# Records for processing:
<<<<

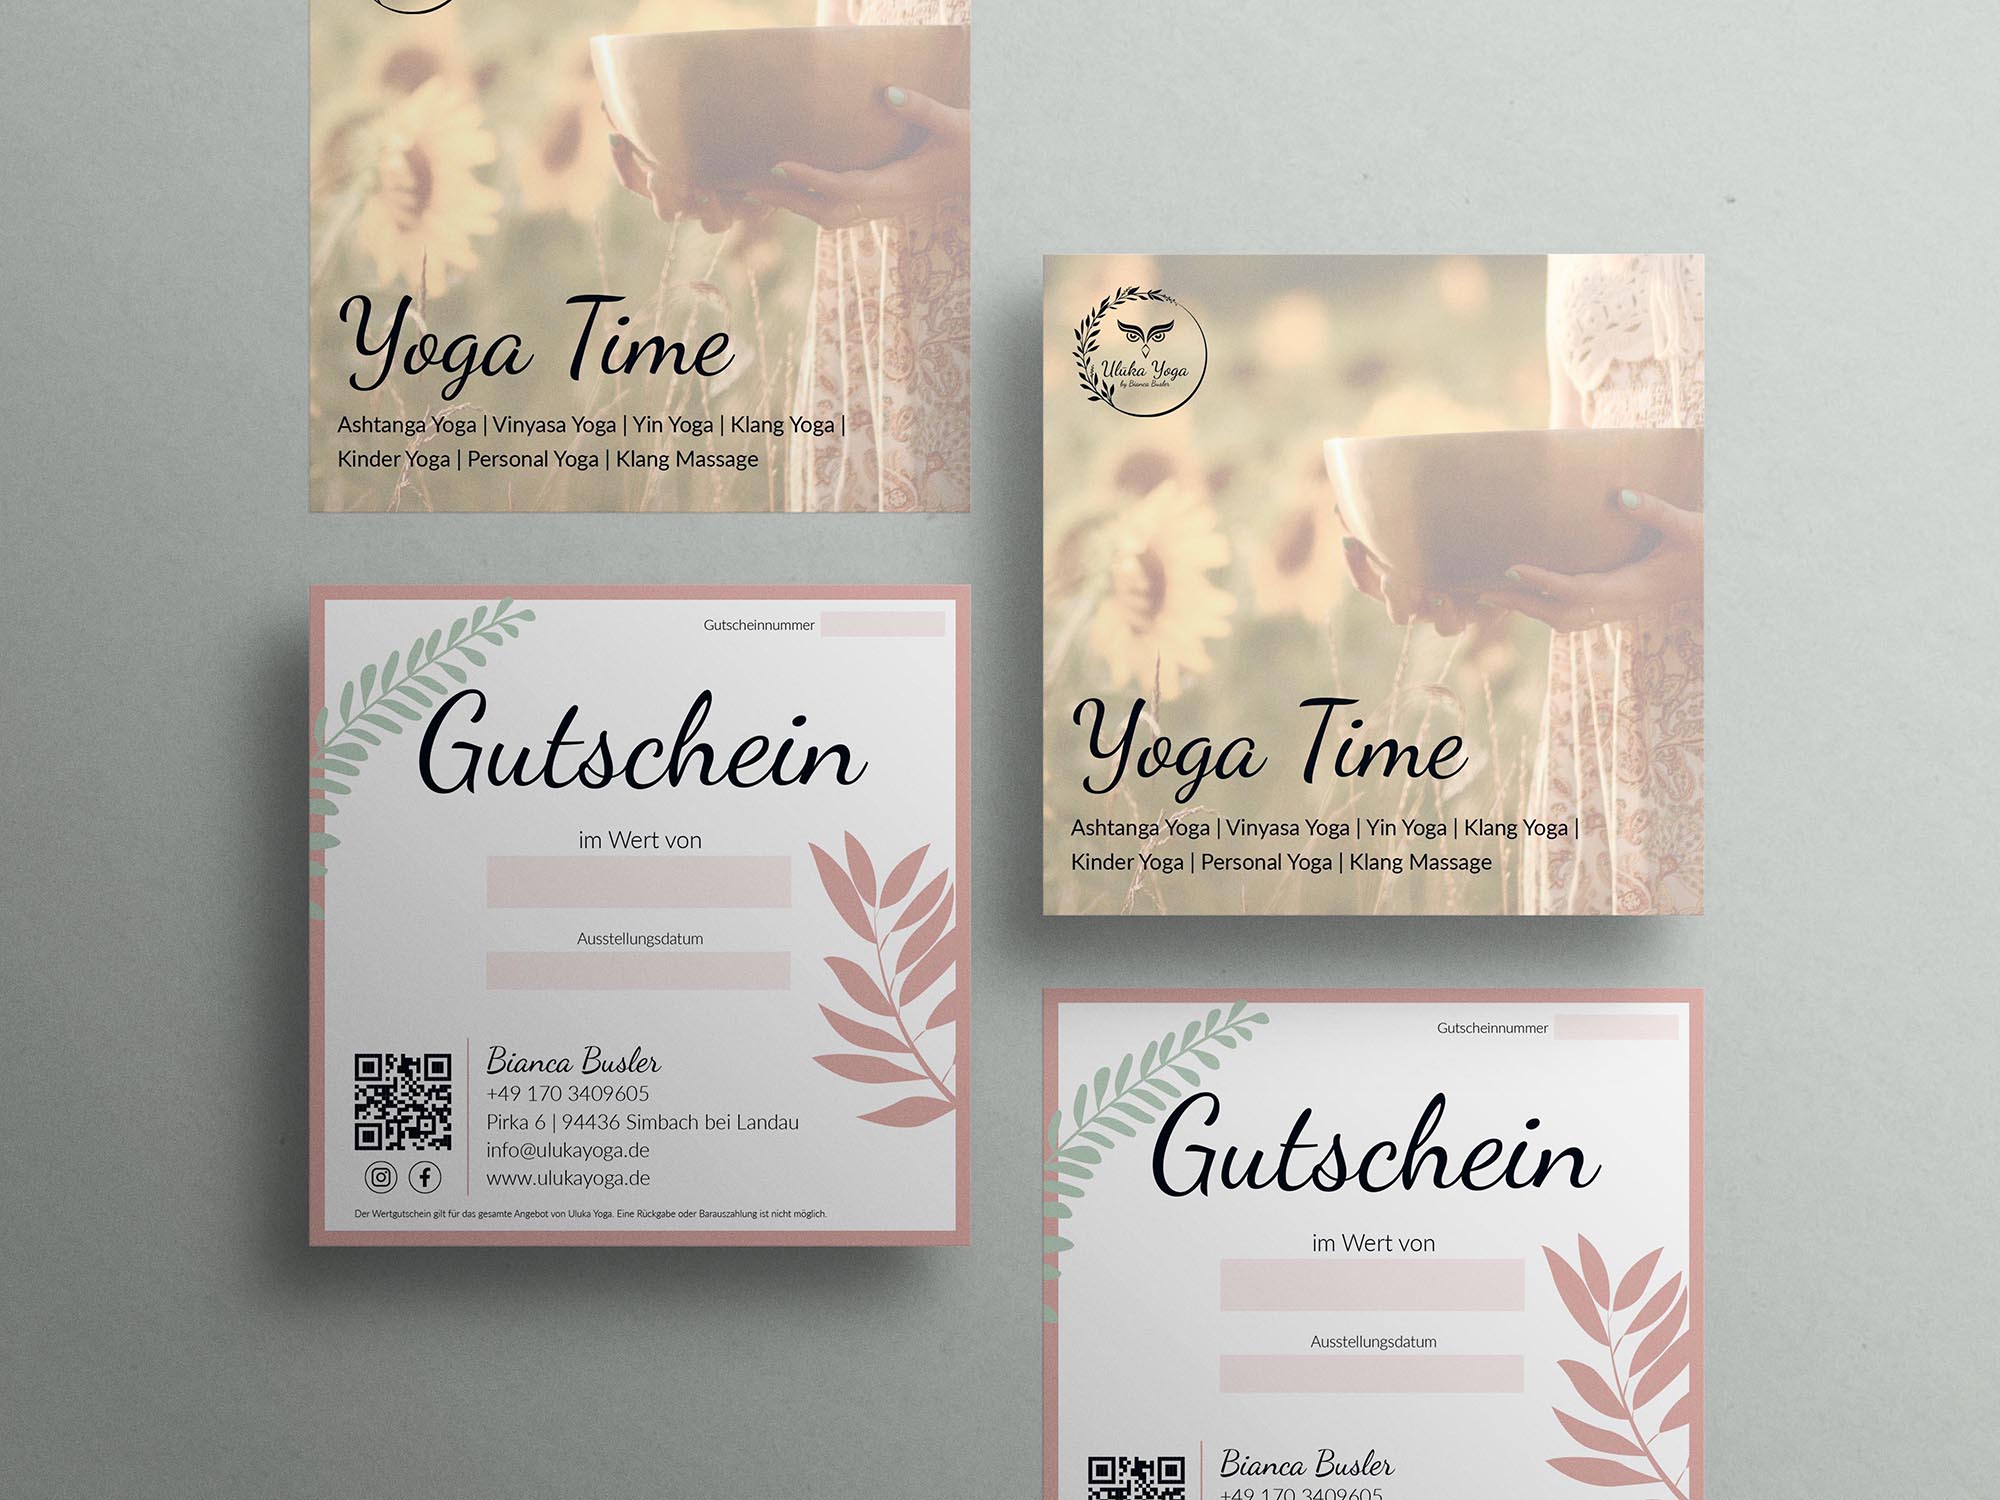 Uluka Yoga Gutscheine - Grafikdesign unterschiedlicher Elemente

>>>>
<<<<

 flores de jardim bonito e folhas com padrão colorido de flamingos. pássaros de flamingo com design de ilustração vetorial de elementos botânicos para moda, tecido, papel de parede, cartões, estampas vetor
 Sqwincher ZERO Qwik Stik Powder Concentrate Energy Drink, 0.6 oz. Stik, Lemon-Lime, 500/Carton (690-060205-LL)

>>>>

# Task objective:
Write down exactly the span of lines above from the one containing "flores de jardim" to the one containing "Sqwincher ZERO Qwik", both ends included.

# Solved exercise:
 flores de jardim bonito e folhas com padrão colorido de flamingos. pássaros de flamingo com design de ilustração vetorial de elementos botânicos para moda, tecido, papel de parede, cartões, estampas vetor
 Sqwincher ZERO Qwik Stik Powder Concentrate Energy Drink, 0.6 oz. Stik, Lemon-Lime, 500/Carton (690-060205-LL)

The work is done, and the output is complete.